The Gwydion project team currently consists of Scott Fahlman plus five full-time staff members, all veterans of the CMU Common Lisp and the Gandalf projects. The Gandalf project explored advanced software-development environments for more traditional programming languages. In addition, the project currently employs four very good undergraduates as part-time programmers.
This team brings unique skills and experience to a project such as Gwydion. The CMU CL project (known in the early days as Spice Lisp) has been involved in the implementation of advanced Lisp systems and programming environments on standard workstations for over a decade. We played a central role in the design, implementation, and popularization of Common Lisp as that language grew from a mere suggestion by ARPA to a widely-used standard that forms the foundation of the worldwide AI industry. Our code made it possible for many companies to get into the Common Lisp game while minimizing their initial cost and risk.
Much of our effort over the past few years has been spent developing and integrating our new Python compiler for Common Lisp. Python sets a new standard for Lisp compilers in a number of areas (see section [*].) Another area of expertise is in the integration of static and dynamic languages: our Alien facility embeds conventional data structures into Lisp's dynamic type system in a way that is both natural and highly efficient (see section [*].) We also have considerable experience in programming environment development: the Hemlock editor is tightly integrated with the compiler and run-time system, and provides many incremental development and browsing capabilities that have only recently become available in commercial products.
With the release of CMU CL for Sparc/SunOS in the fall of 1991, we suddenly found ourselves supporting a user community of several hundred individuals and projects worldwide. In addition to the impoverished university researchers and a few large projects for whom unrestricted access to our sources is important, we also find that CMU CL is being used for small "bootleg" projects in many companies and government labs.
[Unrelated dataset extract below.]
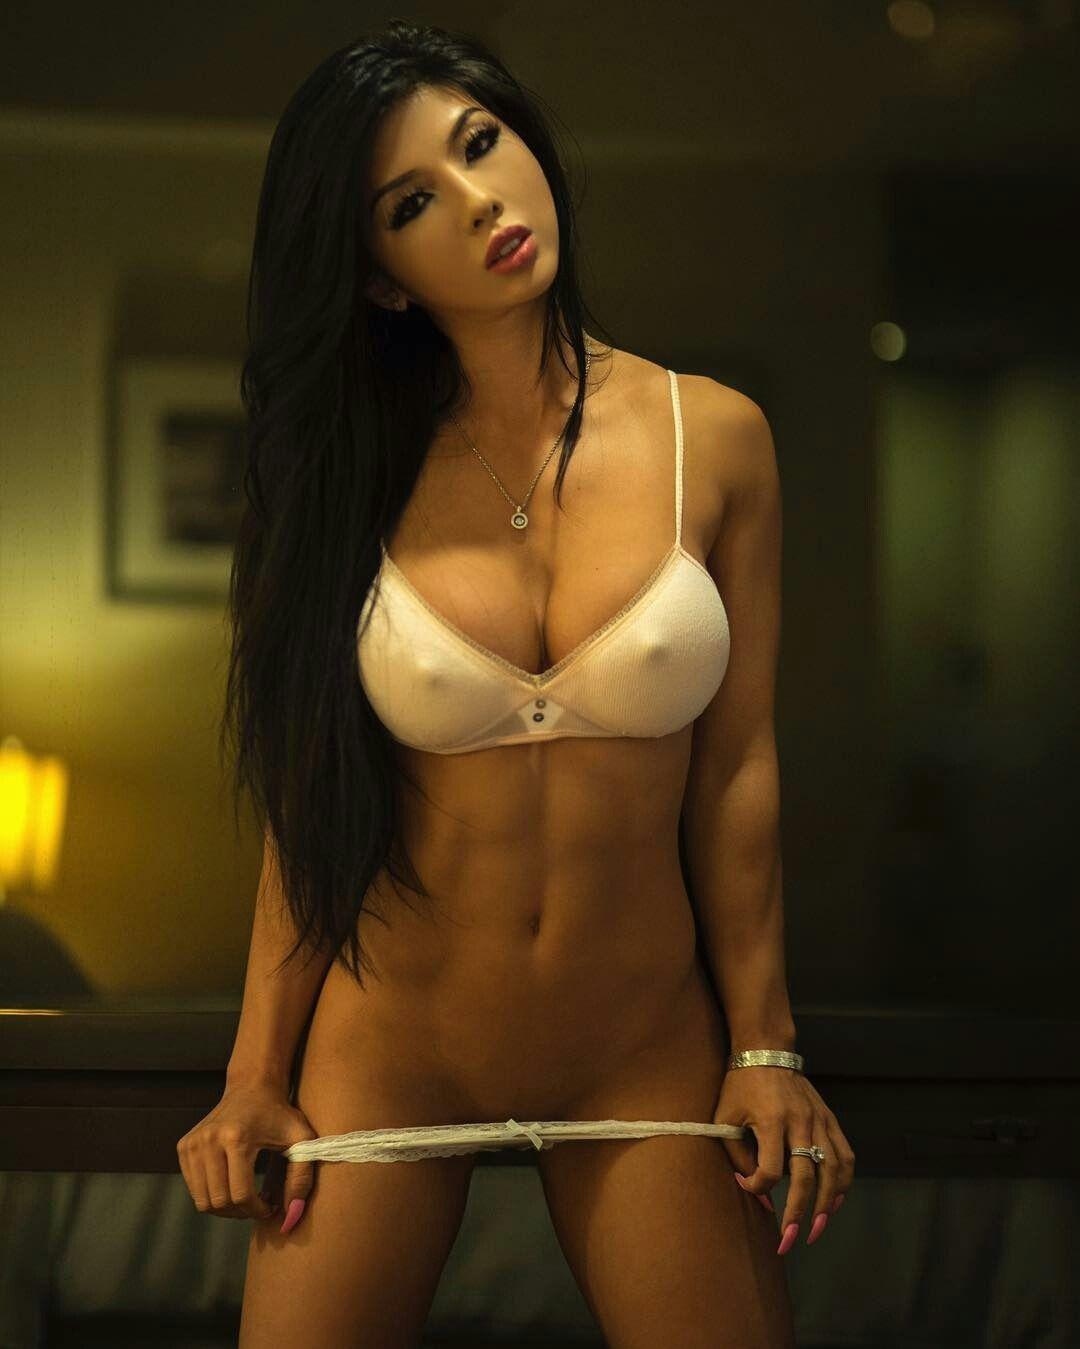 Strong sexy legs nude girl

Apparently these people need to prove that Lisp is the right tool for some task before trying to persuade their management to buy a commercial Common Lisp license.
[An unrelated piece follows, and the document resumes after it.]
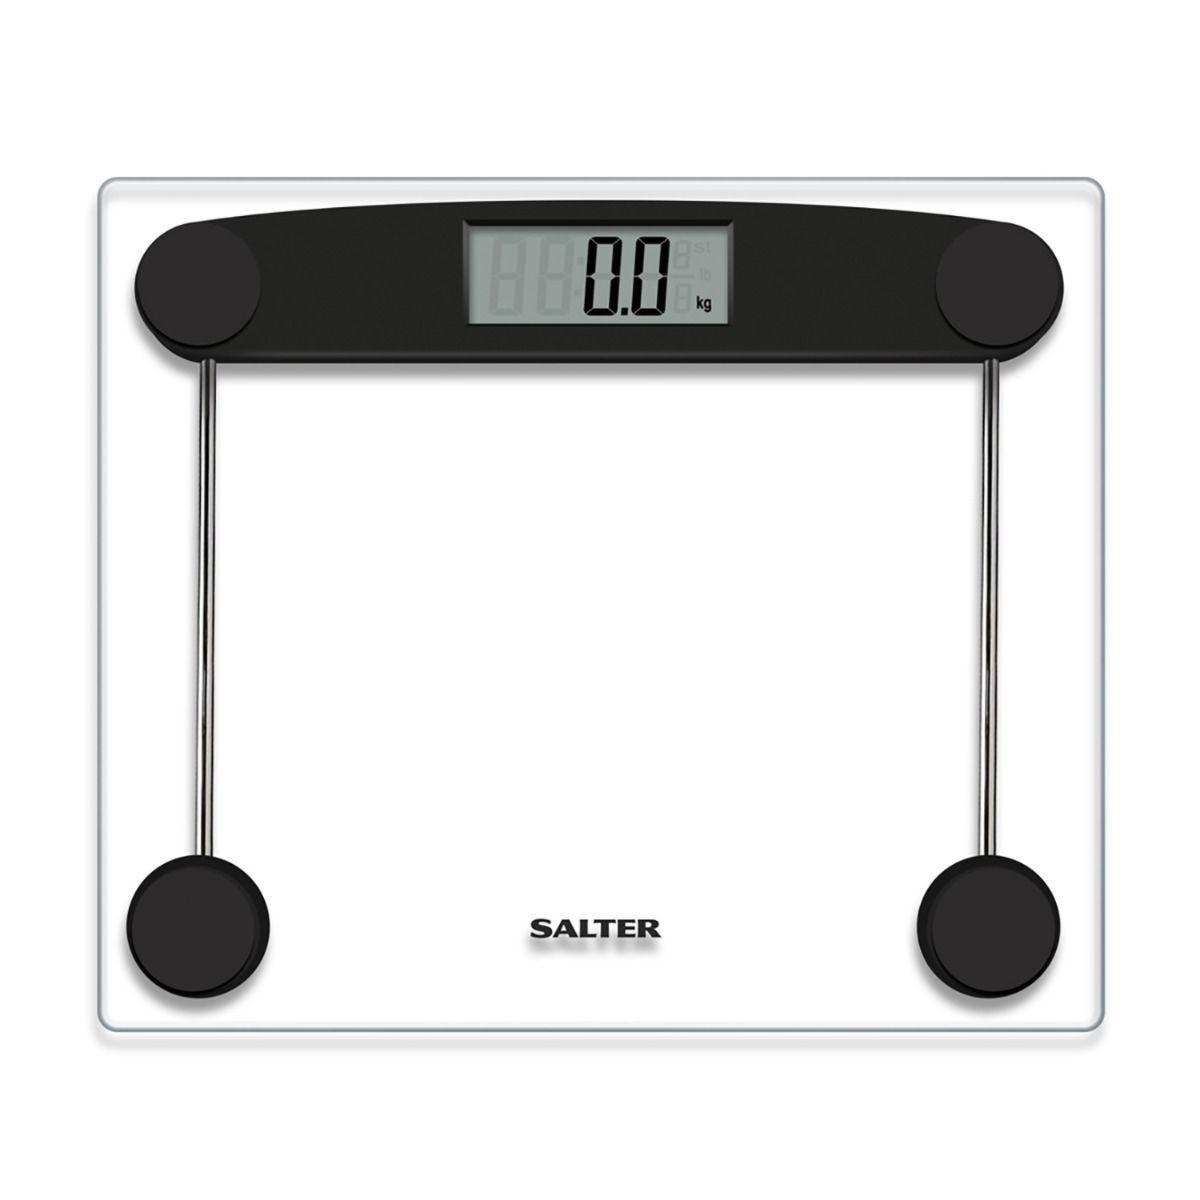 Salter Compact Glass Digital Bathroom Scale

We intend to play a similar role in the growth and widespread acceptance of the Dylan language, which we see as a significant improvement over Common Lisp for many kinds of programming. In fact, we have already been told by a number of other groups that our participation in Dylan gives them confidence that the language will be a widespread success, and not just an internal project of Apple. We believe that the Gwydion environment will showcase the capabilities of Dylan in the best possible light.
Our group is still supporting CMU Common Lisp because we feel a certain responsibility to our external users and because we are using CMU CL as a cross-development platform in the initial phases of Gwydion. However, this support is at a much-reduced level, since CMU CL is no longer our primary task.
We are currently starting up a Gwydion consortium for companies that want to work with us to commercialize the products of our research. Consortium members will receive a license to use our code and documents commercially and will have easy access to the Gwydion design team. We want to work closely with these industrial partners to make sure the system meets their real-world needs. In particular, our decisions about which machines and operating systems to support will be strongly influenced by the desires of our industrial partners.